● **WHAT IS EXPECTED**
Produce a verbatim transcription of the records below, beginning at the line containing "Roman Coliseum Ruins" and ending at the final line; include only those lines.

● **DATA LISTING**
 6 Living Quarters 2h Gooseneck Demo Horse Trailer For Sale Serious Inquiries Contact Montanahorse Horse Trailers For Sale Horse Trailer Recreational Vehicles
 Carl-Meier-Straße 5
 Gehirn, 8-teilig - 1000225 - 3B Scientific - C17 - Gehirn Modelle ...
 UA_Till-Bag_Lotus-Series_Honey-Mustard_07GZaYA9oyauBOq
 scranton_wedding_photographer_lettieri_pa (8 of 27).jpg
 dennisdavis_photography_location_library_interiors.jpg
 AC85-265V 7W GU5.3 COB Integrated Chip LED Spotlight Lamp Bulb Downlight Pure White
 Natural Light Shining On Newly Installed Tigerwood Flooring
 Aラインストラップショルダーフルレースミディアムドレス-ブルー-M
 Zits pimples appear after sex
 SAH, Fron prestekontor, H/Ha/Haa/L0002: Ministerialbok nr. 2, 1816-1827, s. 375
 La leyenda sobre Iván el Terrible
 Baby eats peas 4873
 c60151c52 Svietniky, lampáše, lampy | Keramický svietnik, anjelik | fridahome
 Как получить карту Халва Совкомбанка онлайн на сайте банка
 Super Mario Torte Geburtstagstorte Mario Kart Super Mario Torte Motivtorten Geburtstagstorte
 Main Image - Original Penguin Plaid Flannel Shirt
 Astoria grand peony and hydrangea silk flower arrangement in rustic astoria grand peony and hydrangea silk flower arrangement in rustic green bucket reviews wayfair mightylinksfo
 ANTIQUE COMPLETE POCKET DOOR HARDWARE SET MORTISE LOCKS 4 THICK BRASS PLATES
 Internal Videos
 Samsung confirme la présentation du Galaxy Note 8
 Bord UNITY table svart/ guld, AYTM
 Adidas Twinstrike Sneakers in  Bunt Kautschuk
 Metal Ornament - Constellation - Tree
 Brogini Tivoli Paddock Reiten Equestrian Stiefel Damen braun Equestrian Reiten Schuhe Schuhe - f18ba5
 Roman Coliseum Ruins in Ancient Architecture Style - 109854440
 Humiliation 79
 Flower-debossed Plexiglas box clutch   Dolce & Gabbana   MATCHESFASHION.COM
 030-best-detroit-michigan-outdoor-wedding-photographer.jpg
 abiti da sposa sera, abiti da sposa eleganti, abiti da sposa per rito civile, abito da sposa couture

● **ANSWER TO THIS TASK**
 Roman Coliseum Ruins in Ancient Architecture Style - 109854440
 Humiliation 79
 Flower-debossed Plexiglas box clutch   Dolce & Gabbana   MATCHESFASHION.COM
 030-best-detroit-michigan-outdoor-wedding-photographer.jpg
 abiti da sposa sera, abiti da sposa eleganti, abiti da sposa per rito civile, abito da sposa couture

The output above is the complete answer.